All passed, it has been said, with incredible swiftness; the attack so furious, the end a lightning-stroke. Roger on the bridge awoke from a doubt of his ally's courage to see a whirl, a blow, a fall; and then on the ground ill-lighted and indistinct--for half the men had dropped their lights in their excitement--he saw a grim picture, a man dying, and another crouching a pace from him, watching with shortened point and bent knees for a possible uprising.
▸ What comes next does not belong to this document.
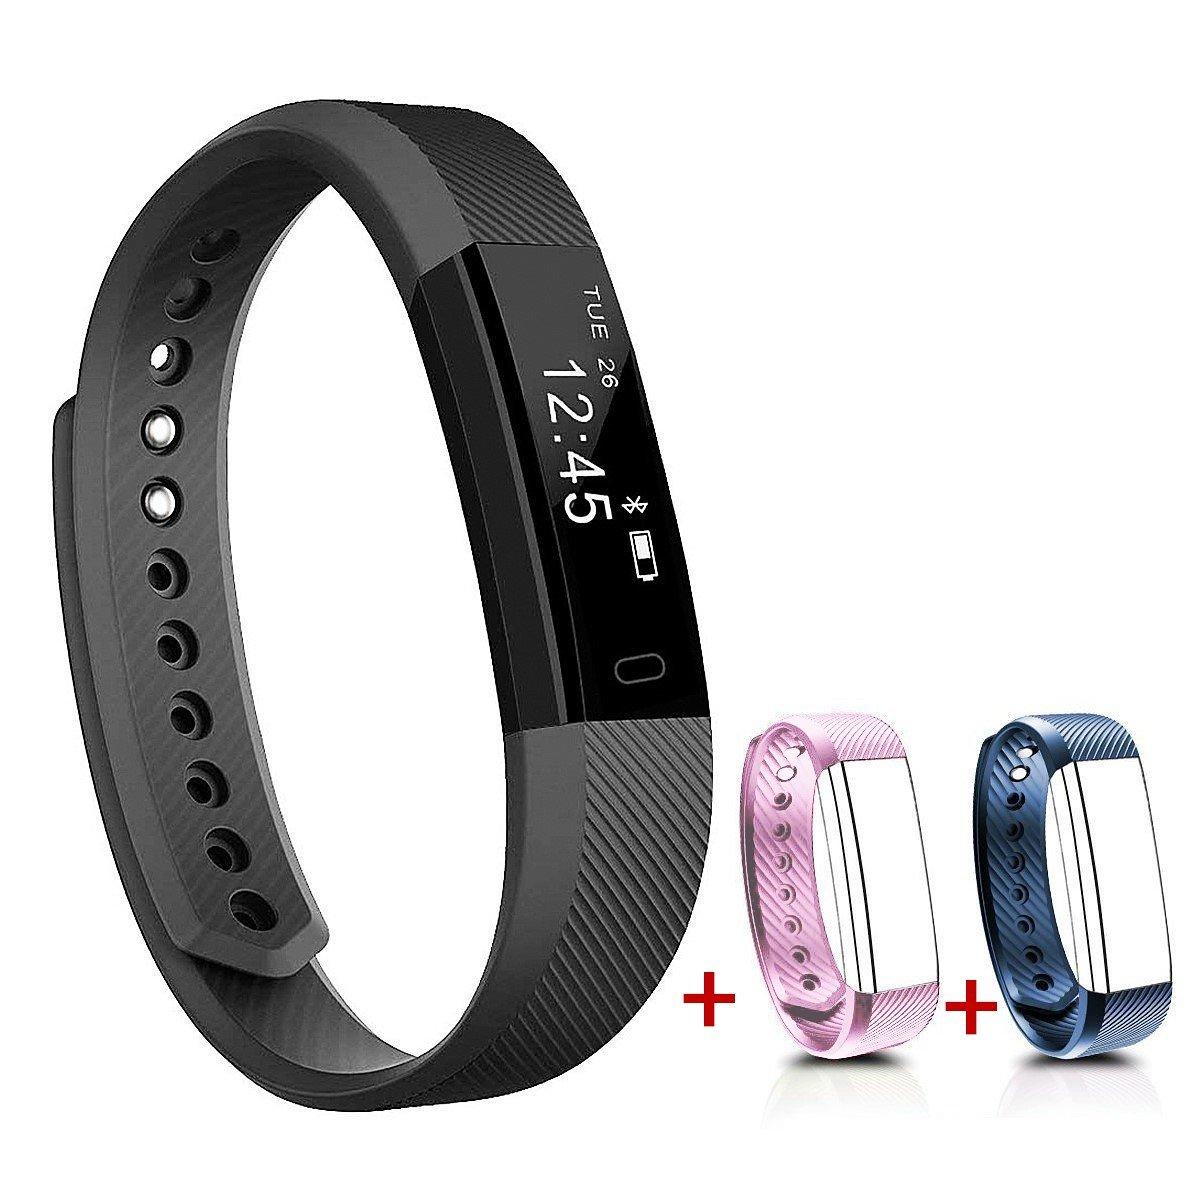 NAKOSITE SB2433 Reloj inteligente mujer hombre Smartwatch Pulsera actividad relojes Inteligentes deportivo, Podometro… 1

But none came; Ampoule had lived. And presently, still watching cautiously, the mask raised himself and dropped his point. A shiver, a groan passed round the square. A single man swore aloud. Finally three or four, shaking off the stupor of amazement, moved forwards, and with their eyes assured themselves that their officer was dead.
At that Roger, still looking on as one fascinated, shook himself awake, in fear for his principal. He expected that an attack would be made on the masked man. None was made, however, no one raised hand or voice. But as he moved towards him, to support him were it needful, the unexpected happened. The unknown tottered a pace or two, leant a moment on his sword-point, swayed, and slowly sank down on the ground.
With a cry of despair Roger sprang to him, and by the gloomy light of the three brands which still remained ablaze, he saw that blood was welling fast from a wound in the masked man's shoulder. Ampoule had passed, but not without his toll.
Roger forgot the danger. Kneeling, following his instinct, he took the fainting man's head on his shoulder. But he was helpless in his ignorance; he knew not how to aid him. And it was one of the troopers, late his enemies, who, kneeling beside him, quickly and deftly cut away the breast of the injured man's shirt, and with a piece of linen, doubled and redoubled, staunched the flow of blood. The others stood round the while, one or two lending a light, their fellows looking on in silence. Roger, even in his distress, wondered at their attitude. It would not have surprised him if the men had fallen on the stranger and killed him out of hand. Instead they bent over the wounded man with looks of curiosity; with looks gloomy indeed, but in which awe and admiration had their part. Presently at his back a man muttered.
"The devil, or a Joyeuse!" he said. "No other, I'll be sworn!"
No one answered, but the man who was dressing the wound lifted the unknown's hand and silently showed a ring set with stones that even by that flickering and doubtful light dazzled the eye. They were stones such as Roger had never seen, and he fancied that they must be of inestimable value.
"Ay, ay!" the man who had spoken muttered. "I thought it was so when I saw him join! I mind his brother, the day he died, taking two of his own men so, and--pouf! I saw him drown an hour after, and he took the water just so, cursing and swearing; but the Tarn was too strong for him."
"That was Duke Antony?" a second whispered.
"Antony Scipio."
"I never saw him," the second speaker answered softly. "Duke Anne at Coutras--I saw him die; and des Ageaux, that is now Governor of Périgord, got just such a wound as that in trying to save him."
"Pouf! All the world knewhim!" he who had first spoken rejoined with the scorn of superior knowledge. "But"--to the man who was binding up the hurt, and who had all but finished his task--"you had better look and make sure that we shall not have our trouble for nothing."
The trooper nodded and began to feel for the fastening of the mask, which was of strong silk on a stiff frame. Roger raised his hand to prevent him, but as quickly repressed the impulse. The men were saving the man's life, and had a right to learn who he was. Besides, sooner or later, the thing must come off.
Its removal was not easy. But at length the man found the catch, it gave way, and the morsel of black fell and disclosed the pale, handsome face of an effeminate, fair-haired man of about thirty. "Ay, it is he! It is he, sure enough!" went around the circle, with here and there an oath of astonishment.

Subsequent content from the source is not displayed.